WHAT, in partnership with HSE South, commissions the development of best practice guidelines for participatory arts projects in healthcare contexts.

In 2008, The Arts Council appoints a Specialist Adviser on arts and health to assist with the development of an arts and health policy and strategy. This was followed by a period of consultation and research, leading to Vital Signs (2009), a series of strategic events including a conference, exhibition and commissioned opinion pieces.


Waterford Healing Arts Trust (WHAT) opens the first Arts and Health Centre in Ireland at University Hospital Waterford.


The Arts Council’s first Arts and Health Policy and Strategy is published outlining the values that underpin its approach to arts and health practice.


The national website for arts and health is established, providing an online resource for the sector. The Arts Council identified the need for an independent resource to meet the current and evolving needs of practitioners in its Arts and Health Policy and Strategy (2010).
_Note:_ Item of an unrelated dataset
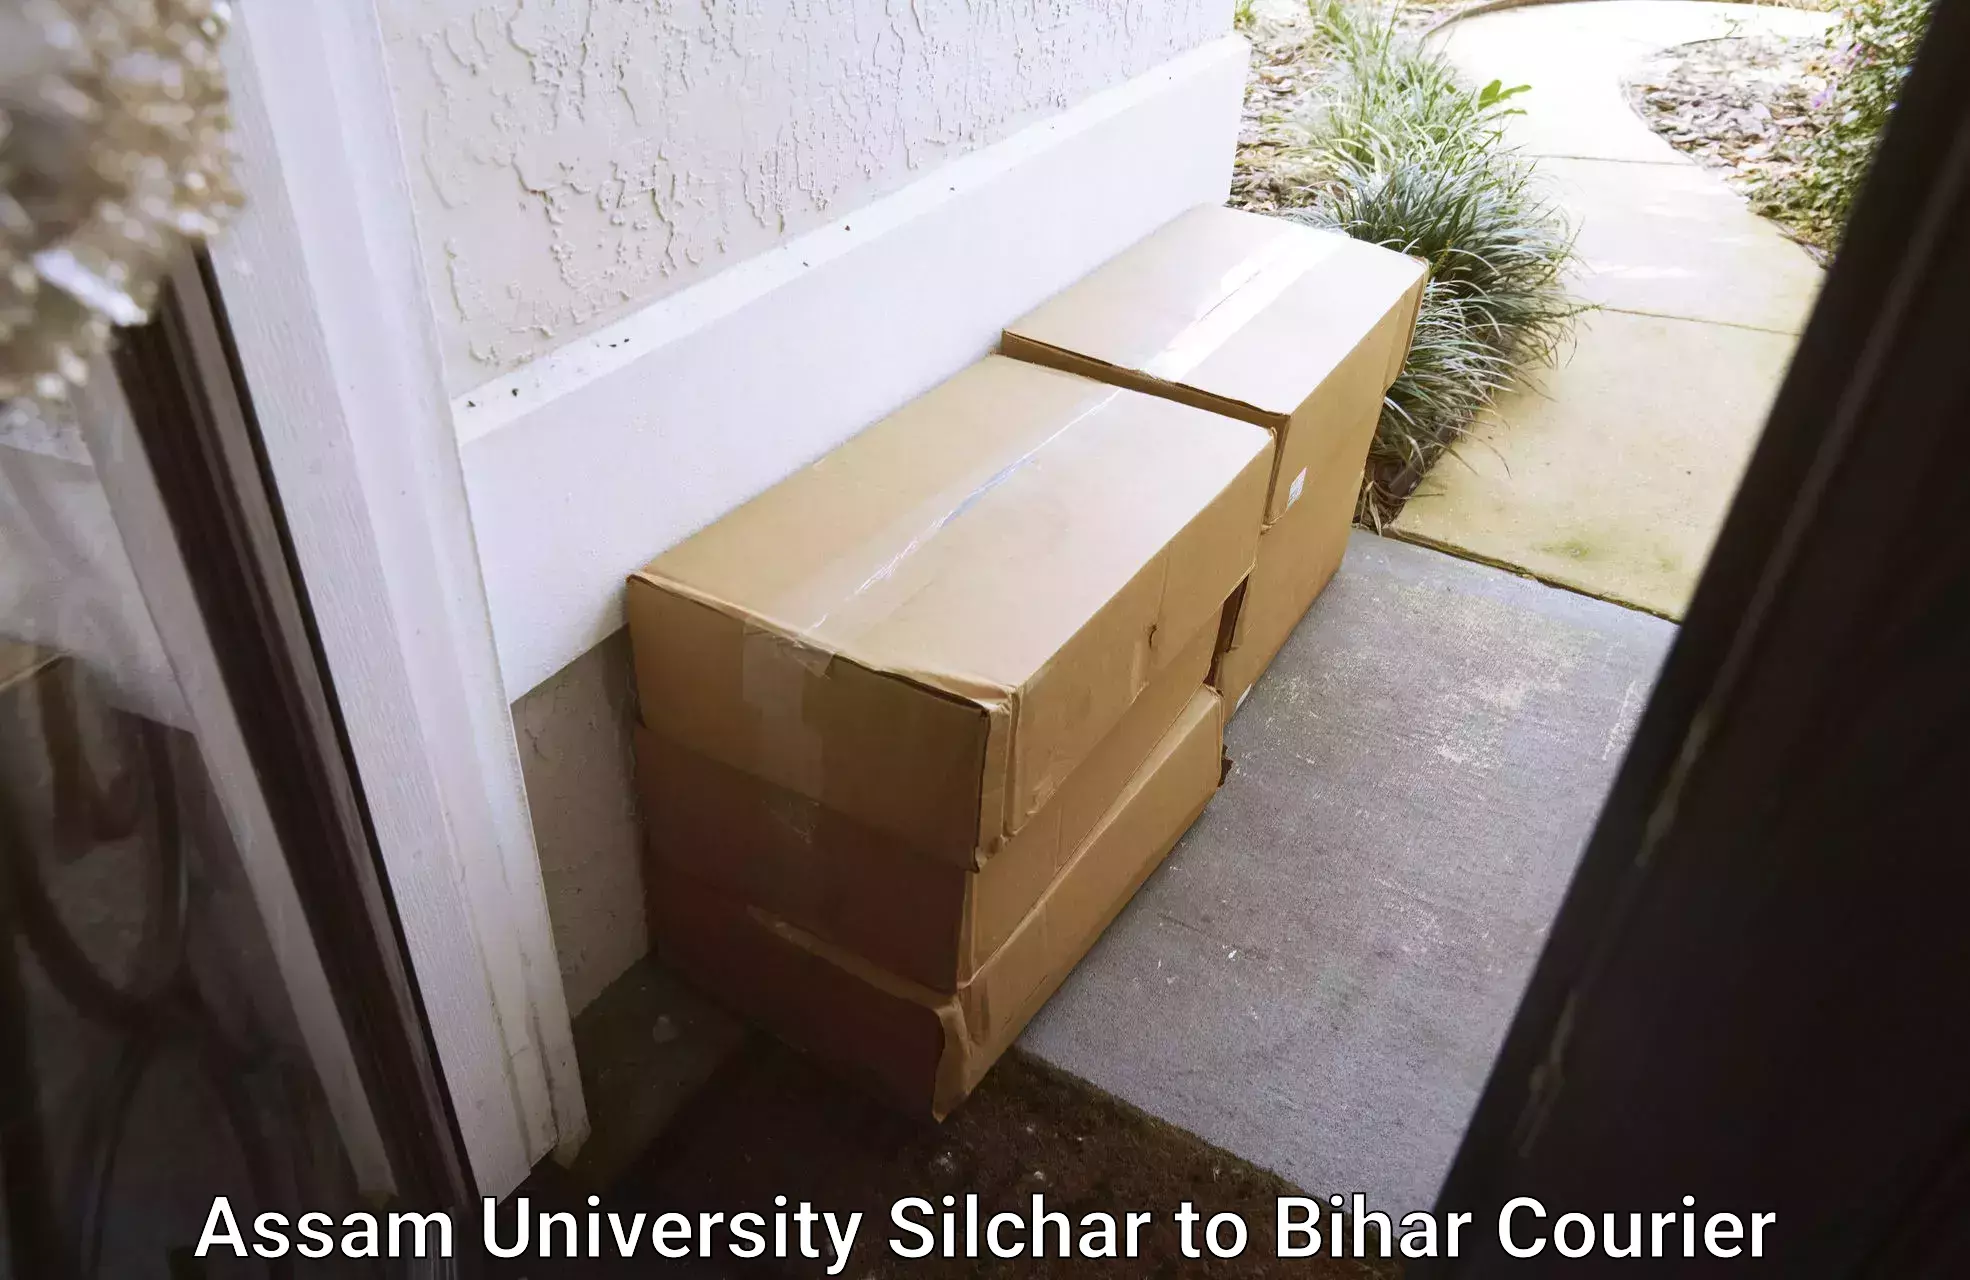 Global parcel delivery Assam University Silchar to Goh Aurangabad
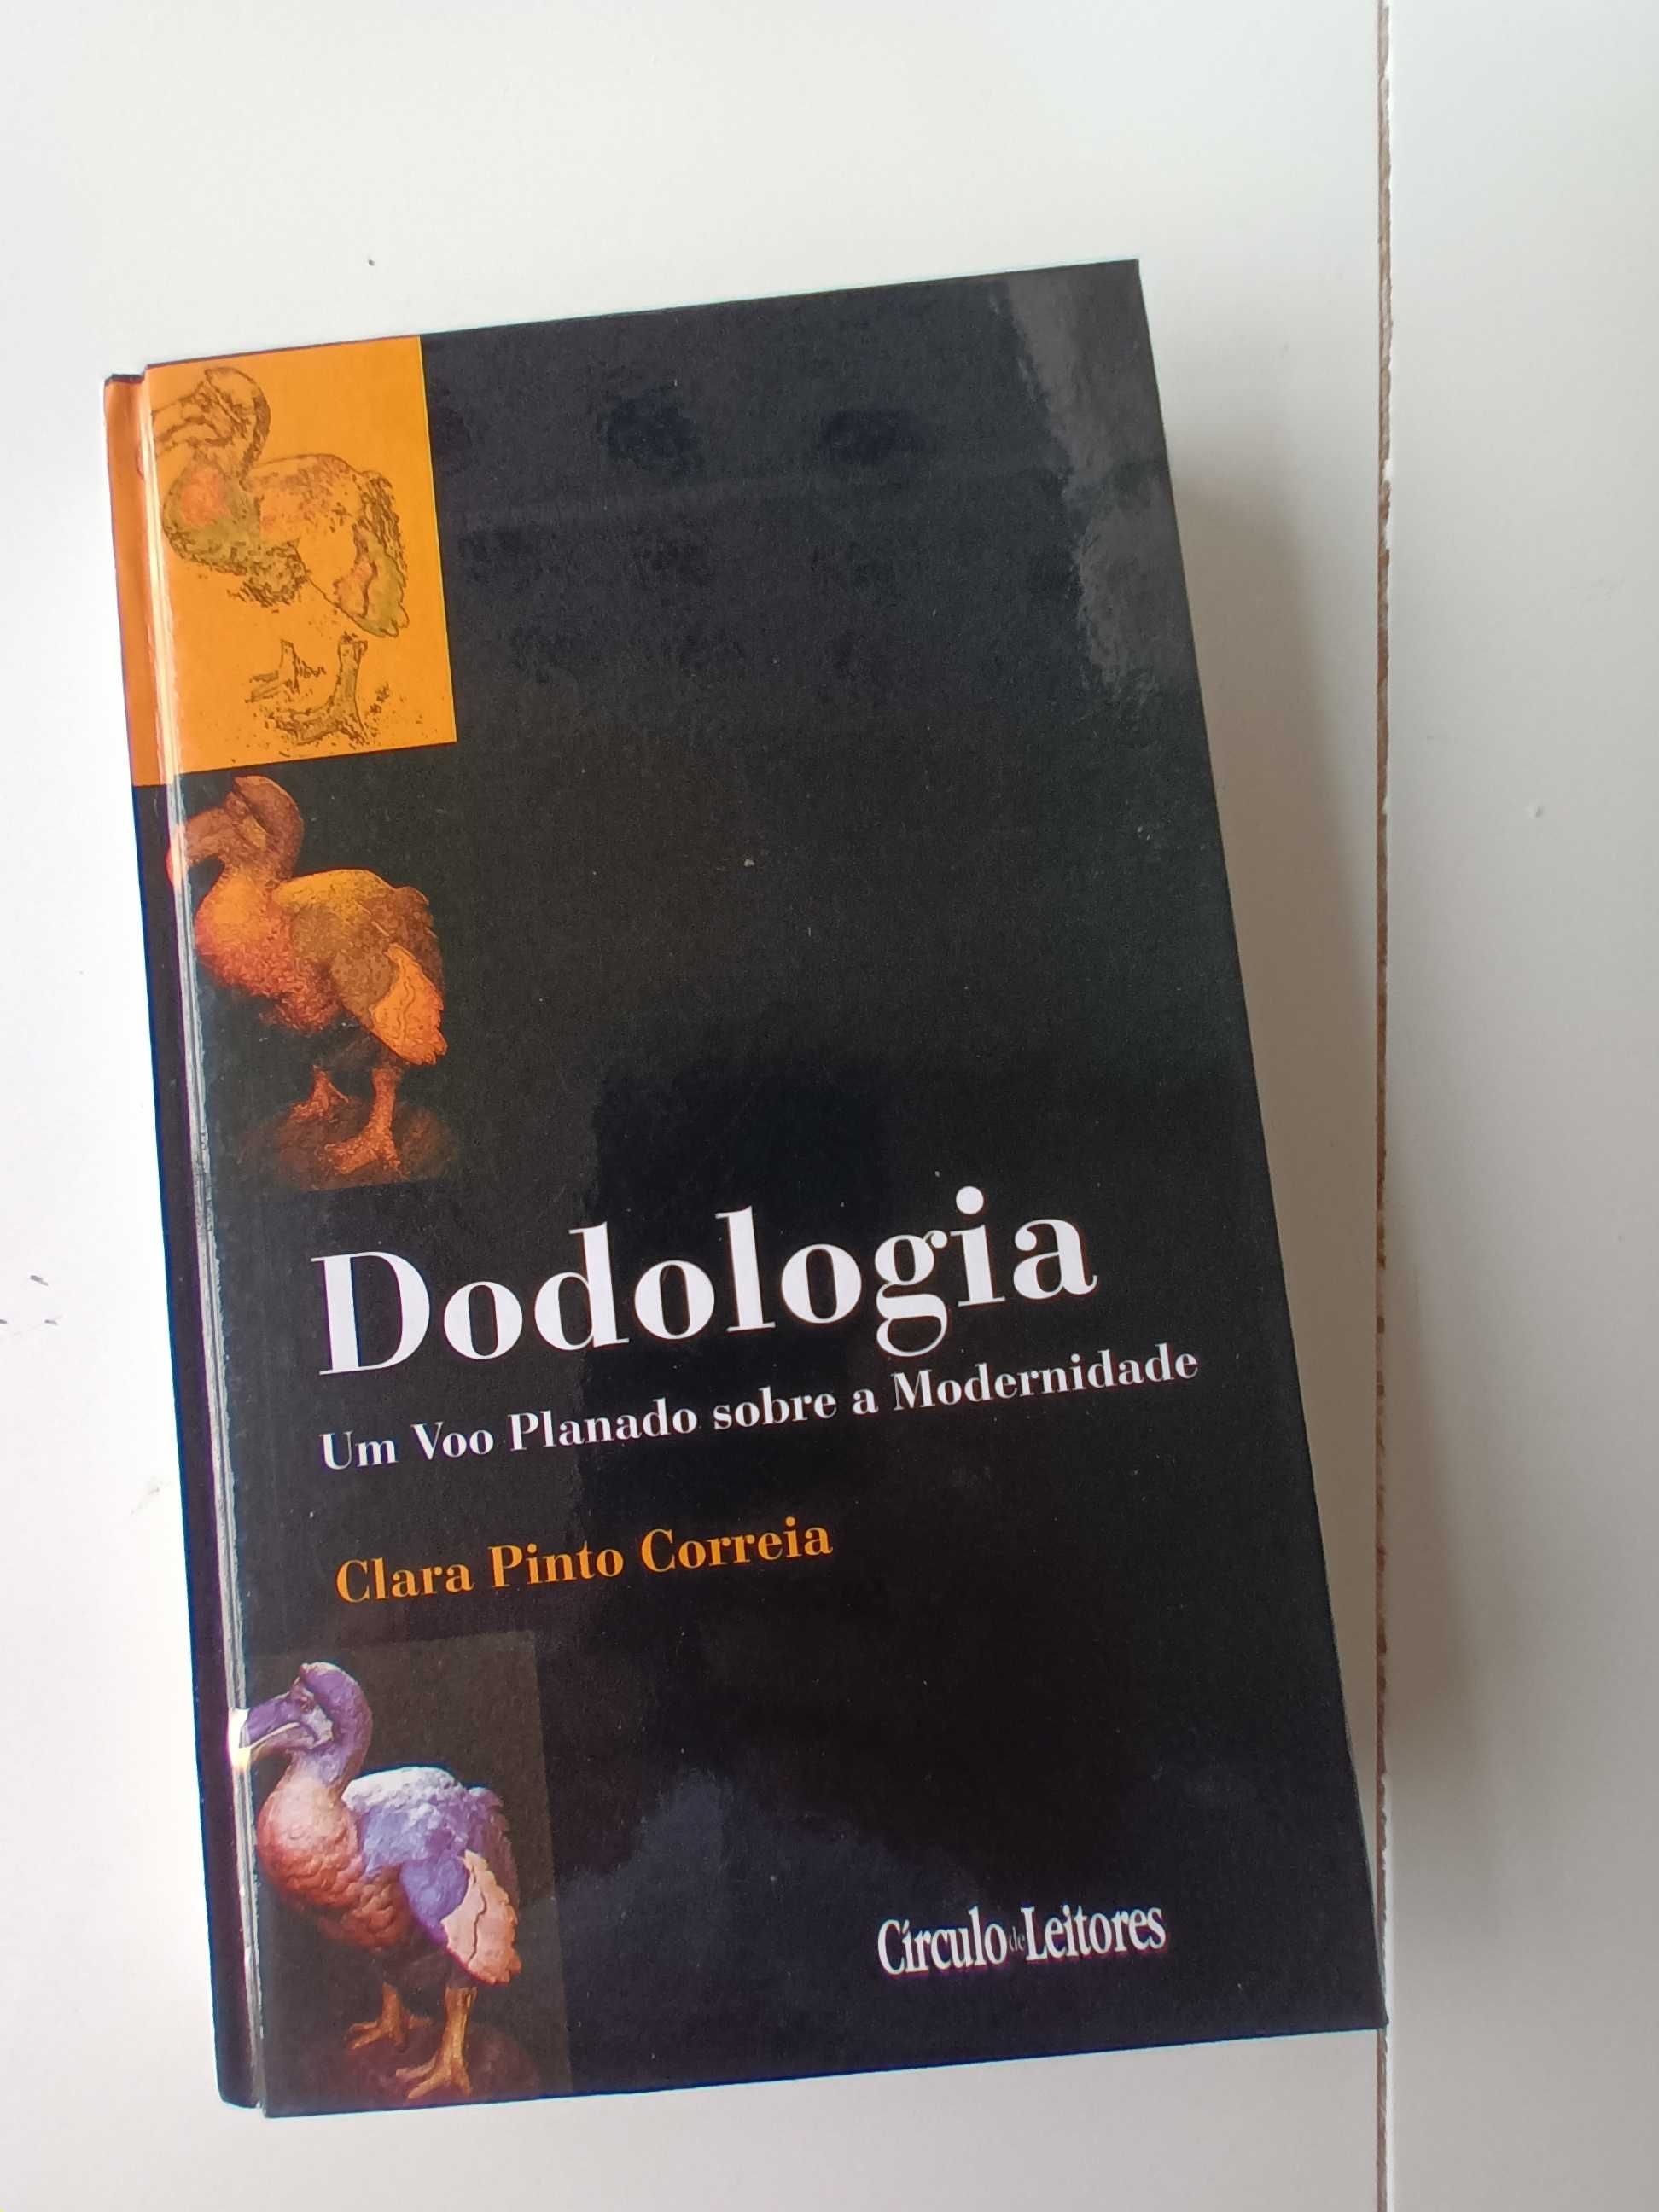 Dodologia (Clara Pino Correia )

The site was jointly developed by Waterford Healing Arts Trust and Create, the national development agency for collaborative arts, with funding from the Arts Council.


Beyond Diagnosis: the transformative potential of the arts in mental health recovery is the first major study of an arts and mental health programme in Ireland. Lydia Sapouna (UCC) evaluated the Arts + Minds Action Research Project, a HSE mental health staff led initiative.

Cultural venues began incorporating arts and health initiatives as part of their programming in the early 2000s. The Arts for Health Partnership Programme in West Cork, managed by Uillinn: West Cork Arts Centre and established in 2006, is a leading example, with a year round arts programme for older people in healthcare settings. In 2012, the Azure model was piloted, exploring greater inclusion of people with dementia in museums and galleries in Ireland. Initially a partnership between Age & Opportunity, The Alzheimer Society of Ireland, Butler Gallery, and the Irish Museum of Modern Art, Azure has since expanded to include numerous arts venues nationwide.


The HSE and the Arts Council establish a working partnership to explore the potential for a formal framework to support the development of arts and health practice in Ireland. A research team led by Dr Catherine McCabe of Trinity College Dublin is tasked with identifying the extent and nature of the work that is happening, the outcomes of which are published in 2020 in Public Health Panorama, Journal of the WHO Regional Office for Europe.


A group of Arts and Health Co-ordinators from AHCI who work across a range of healthcare settings create a Manifesto for Arts and Health Practice in Ireland ‘embracing the place for imagination and the arts in healthcare.’


49 North Street opens its doors in Skibbereen, the first dedicated creativity and wellbeing hub in Ireland. An initiative of Cork Mental Health Services, the service is founded on an ethos of co-production, delivered in partnership with health professionals, artists, people in recovery and local communities in West Cork.


The first-ever report by the World Health Organisation (WHO) on the evidence base for arts and health interventions is produced. The report maps the global academic literature, referencing over 900 publications, including 200 reviews covering over 3000 further studies. As such, it is the most comprehensive evidence review of arts and health to date.


A Memorandum of Understanding is signed by Government departments ‘concerning the use of creative programming to deliver national health and wellbeing policies and strategies’ with a programme of work agreed over a two-year period (2021-2022).


The cross-government Healthy Ireland Strategic Action Plan 2021–2025 is launched. For the first time since the implementation of the Healthy Ireland Framework in 2013, the Action Plan includes priority focus areas for arts and culture.

Mapping Arts and Health Activity in Ireland, commissioned by Arts and Health Co-ordinators Ireland (AHCI), measures the level and nature of Arts and Health activity in the Republic of Ireland in 2019. The report reveals a six-fold growth in this field of work over the past 20 twenty years.